Главы книги, написанные Г. Мондри и посвященные художественному творчеству Достоевского, занимают менее 100 страниц. Однако они предельно насыщены информацией и, несомненно, должны быть интересны специалистам по истории русской литературы. В целом исследовательница продолжила линию изучения парадоксов писателя. В главе о «Записках из мертвого дома» она, опираясь на предшествующие публикации достоевсковедов, отмечает, что повествователь из всех персонажей этого произведения наиболее трогательно отзывается о еврее Бумштейне. Но более всего ее интересует художественное изображение героя, которое она называет «карикатурой на карикатурное описание еврея» (с. 717). Образ Бумштейна она называет очень глубоким, необходимым писателю для изображения человека, выживающего в условиях каторги: «…жизненная и либидная энергия, которую Достоевский приписывал Бумштейну, является признаком психологического и эмоционального здоровья» (с. 718). Появление этого образа связывается с интересом писателя к иудейской религии; объясняется, почему во время публикации «Записок…» образ Бумштейна оказался практически незамеченным читателями и критиками. Она дает новую характеристику еврею-пожарному в «Преступлении и наказании», чиновнику Лямшину в «Бесах». Исследовательница актуализирует иудейский контекст, представляет интересные наблюдения над образом Лямшина как «новым типом еврея в русском социуме» (с. 766). Ключевая роль и мессианское значение этого героя в том, чтобы предотвратить террор, он «de facto останавливает подрывную деятельность террористов-конспираторов» (с. 773), которых так ненавидел Достоевский. По мнению Мондри, если еврей-пожарный пытался остановить самоубийство одного Свидригайлова, то Лямшин находит в себе силы «выблевать «одержимость»» (с. 774) и останавливает повальное «бесовство». В образе Лямшина достигается кульминация парадоксов Достоевского, поскольку герой изображен одновременно и как еврей, профанирующий христианские святыни, и как антиеврей, профанирующий еврейскую суть.

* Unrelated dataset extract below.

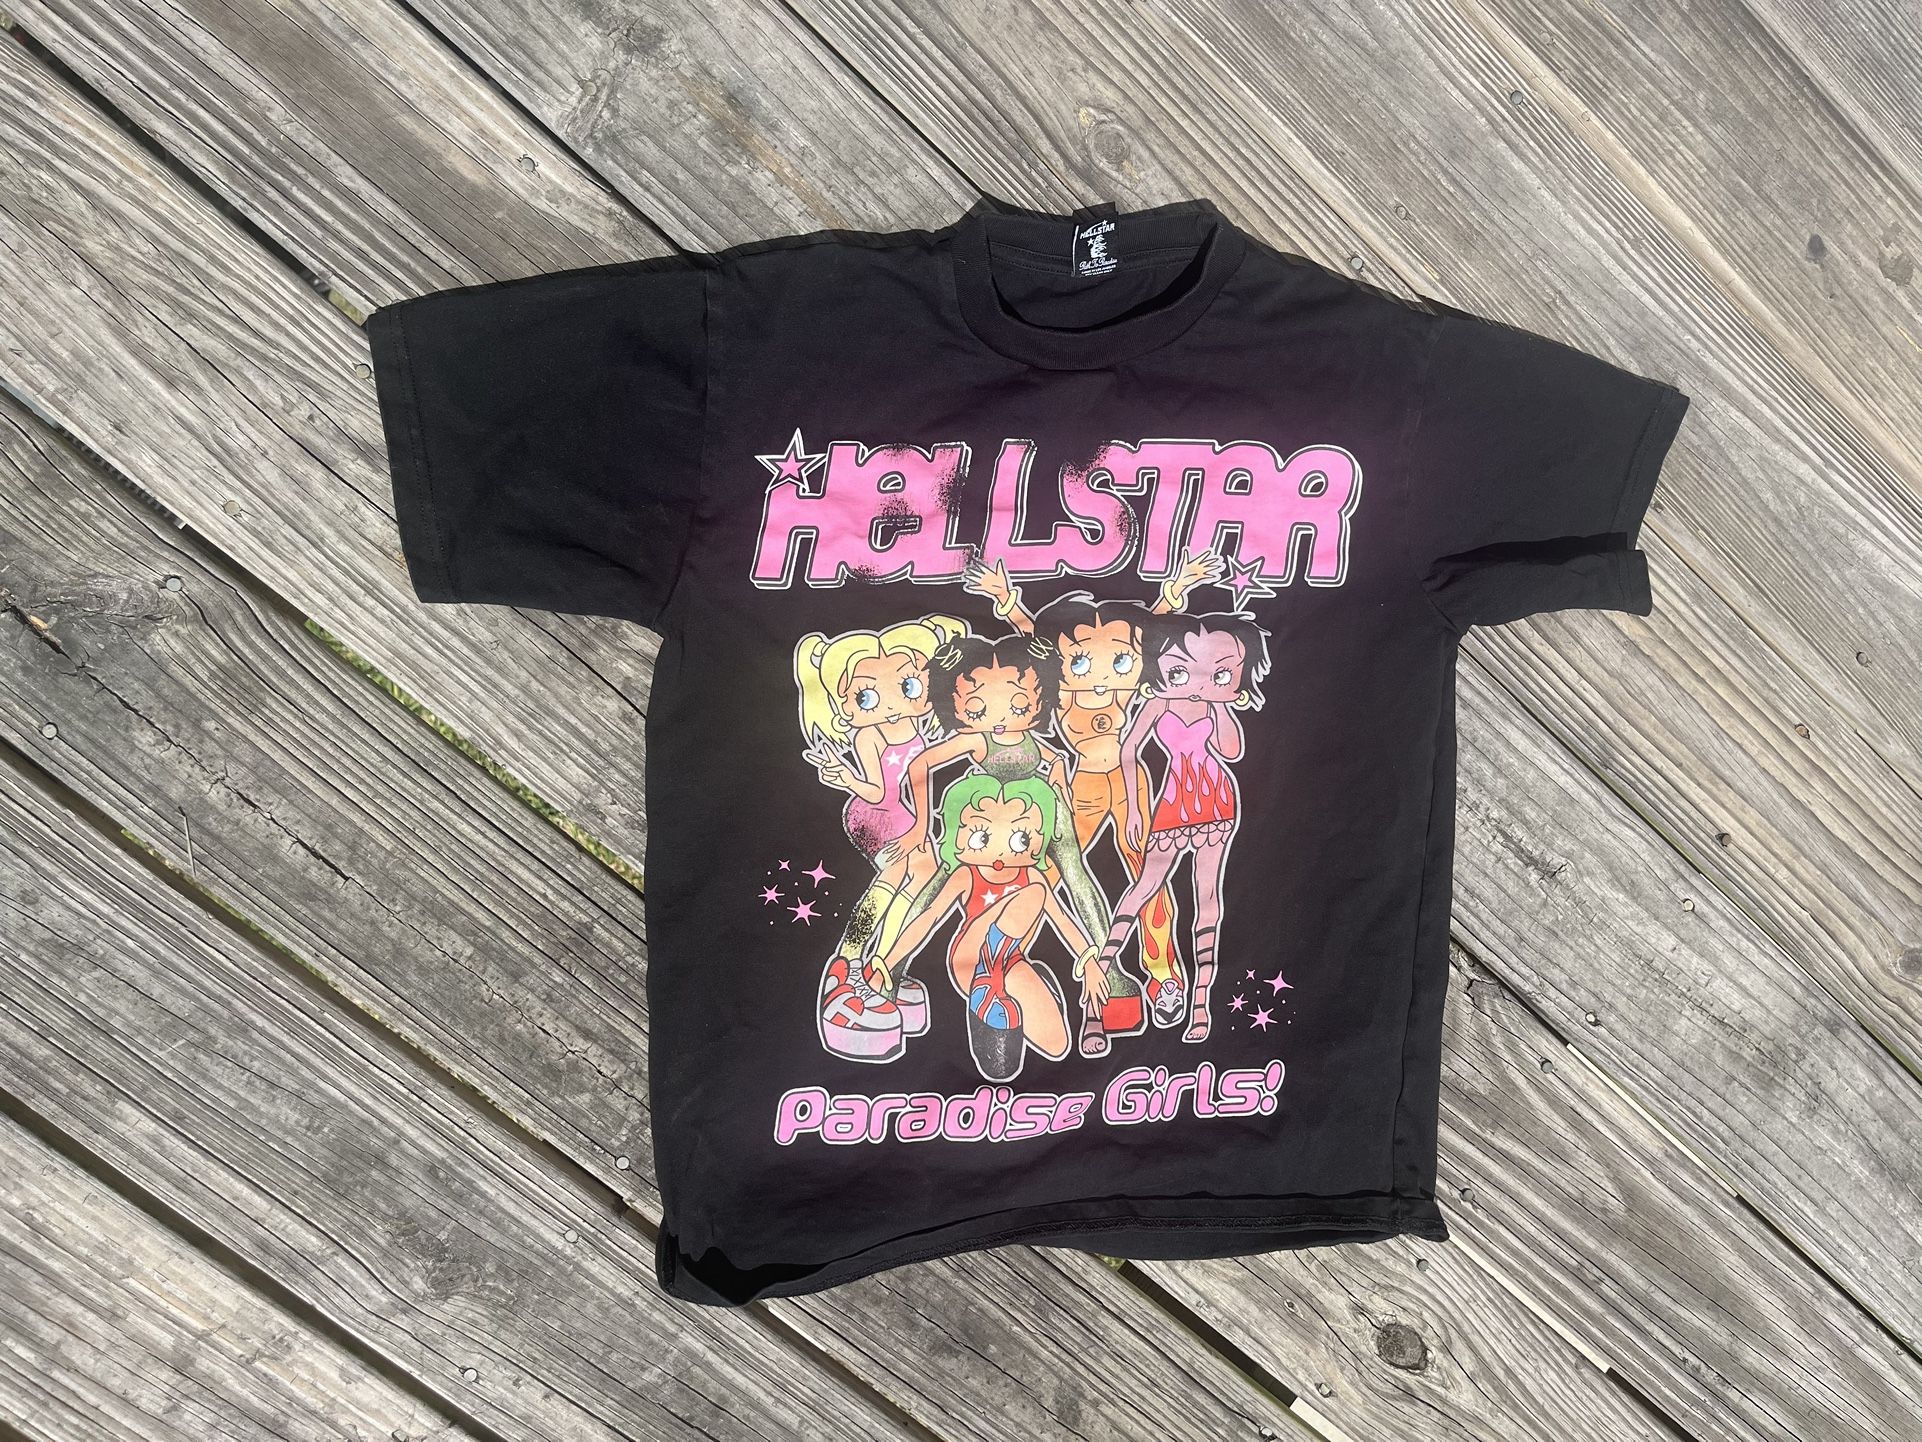 Hellstar shirt

Анализируя статьи «Дневника писателя» по «еврейскому вопросу», Мондри внимательно изучает очерки «Похороны «общечеловека»», «Единичный случай» и полагает, что Достоевский, основываясь на фактах, описанных Софьей Лурье, преодолевает свой главный парадокс — антитезу христианства иудаизму. Изображая сцену похорон доктора Гинденбурга, объединяющих иудеев и христиан, Достоевский видоизменяет сюжет из письма Лурье и тем самым «выявляет суть своего интереса к еврейству, который основывается на желании понять суть онтологической разницы между иудаизмом и христианством» (с. 784). По мнению Мондри, эти два очерка были у Достоевского той лабораторией, в которой он «отрабатывал идеи о единении и братстве христиан и иудеев как залоге того, что можно «спасти мир»» (с. 787).

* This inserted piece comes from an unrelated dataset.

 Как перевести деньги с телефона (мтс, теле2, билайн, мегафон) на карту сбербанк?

В заключение констатируется, что подход к оценкам Достоевского в значительной степени обусловливается этническими и конфессиональными факторами. Со стороны исследователей-неевреев в изучении этой темы есть две тенденции: учет исторического контекста, в котором возникали суждения Достоевского, и понимание православной основы в создании образов евреев. Отмечено, что при жизни писателя обида на защитника «униженных и оскорбленных» не звучала в еврейской прессе, потому что его высказывания ничем не выделялись «на общем фоне многочисленных воинственных антисемитских публикаций» (с. 795), и только в начале XX века из-за еврейских погромов оценка Достоевского еврейской общественностью изменилась. Остается сожалеть, что из поля зрения авторов выпала книга Л. Фризмана «Такая судьба. Еврейская тема в русской литературе» (Харьков, 2015), рефлексия по поводу которой могла бы расширить представление об исследуемом вопросе.

Обидно, что столь масштабный труд полон опечаток. Они обнаруживаются как на обложке, так и в подписях к репродукциям картин художников и фотографиям известных людей. Может удивить и прием монтажа, используемый в книге, когда цитаты из работ филологов приводятся целыми страницами.

На наш взгляд, важнее то, что рецензируемая книга дает ответы на неудобные для отечественного литературоведения вопросы, связанные с боязнью исследовать «еврейскую тему», ведь филологи не всегда готовы примириться «со сложным опытом парадоксальности» (с. 5) Достоевского. Авторы книги, будучи противниками «системы полярных оценок типа «фил» — «фоб»» (с. 794), настаивают на бесперспективности подобного подхода.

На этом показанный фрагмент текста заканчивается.